Giuseppe Peano went to Turin in 1870 for his secondary schooling, and in 1876, he entered the University of Turin. Peano continued to study pure mathematics, despite the fact that the rest of his classmates had switched to engineering after three years. Peano graduated as doctor of mathematics in 1880.
Peano joined the staff at the University of Turin in 1880. He published his first mathematical paper in 1880 and 3 more papers the following year. Peano was appointed assistant to Genocchi, who quite old and in relatively poor health, and so Peano took over some of his teaching.
In 1884, Genocchi published a book based on his lectures at Turin. This book, Course in Infinitesimal Calculus, was edited by Peano and contains much written by Peano himself.
Peano received his qualification to be a university professor in December 1884, and he continued to teach further courses, including some for Genocchi. Genocchi died in 1889, and in 1890 Peano was offered his post.
In 1886, Peano proved that if f(x,y) is continuous then the first order differential equation dy/dx = f(x,y) has a solution. The existence of solutions with
stronger hypothesis on functions had been given earlier by Cauchy, and then Lipschitz. Four years later Peano showed that the solutions were not unique, giving as an
example the differential equation dy/dx=3y2/3, with y(0) = 0.
In addition to his teaching at the University of Turin, Peano began lecturing at the Military Academy in Turin in 1886. The following year he published a method for solving systems of linear differential equations using successive approximations. In 1888, Peano published the book Geometrical Calculus, which begins with a chapter on mathematical logic. This was his first work on the topic that would play a major role in his research over the next few years. This book contains the first definition of a vector space given with a remarkably modern notation and style.
In 1889, Peano published his famous axioms, called the Peano axioms, which defined the natural numbers in terms of sets.

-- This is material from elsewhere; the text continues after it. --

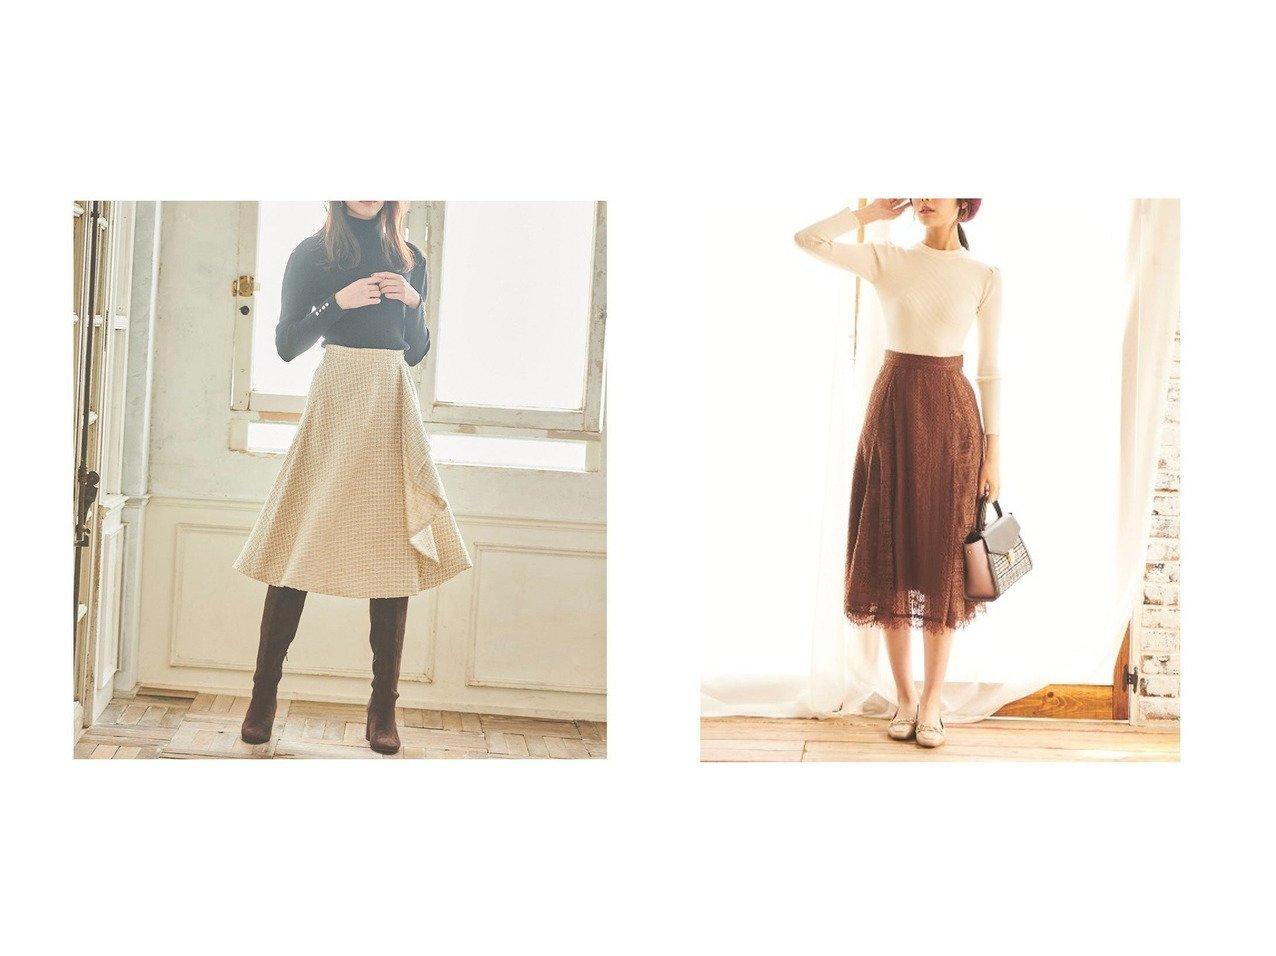 【31 Sons de mode/トランテアン ソン ドゥ モード】の【スカート】ストライプレースフレアスカート&ラッフルツイードフレアスカート スカートのおすすめ!人気、レディースファッションの通販 おすすめで人気のファッション通販商品 インテリア・家具・キッズファッション・メンズファッション・レディースファッション・服の通販 founy(ファニー) https://founy.com/ ファッション Fashion レディース WOMEN スカート Skirt Aライン/フレアスカート Flared A-Line Skirts ツイード 定番 フリル フレア 冬 Winter |ID:crp329100000001510

These were published in a pamphlet which were at once a landmark in the history of mathematical logic and of the foundations of mathematics.
Peano also invented space-filling curves in 1890. It had been thought that such curves could not exist. Hausdorff wrote of Peano's result "This is one of the most remarkable facts of set theory".
In 1891 Peano founded a journal devoted mainly to logic and the foundations of mathematics. The first paper in the first part is a 10 page article by Peano summarizing his work on mathematical logic up to that time. Peano also had a great skill in seeing that theorems were incorrect by spotting exceptions.
From around 1892, Peano embarked on a new and extremely ambitious project, namely the Formulario Mathematico . This was intended to be the publication of collections of all the theorems now known that refer to given branches of the mathematical sciences.
In many ways this grand idea marks the end of Peano's extraordinary creative work. It was a project that was greeted with enthusiasm by a few and with little interest by most.
When the calculus volume of the Formulario Mathematico was published, Peano began to use it for his teaching. This was the disaster that one would expect. Peano, who was a good teacher when he began his lecturing career, became unacceptable to both his students and his colleagues by the style of his teaching. The project was completed in 1908, but although the work contained a mine of information, it was seldom used.
In 1903, Peano expressed interest in finding a universal, or international, language and proposed an artificial language based on Latin but stripped of all grammar. He compiled the vocabulary by taking words from English, French, German and Latin. The final edition of the Formulario Mathematico was written in this code, which is another reason the work was so little used.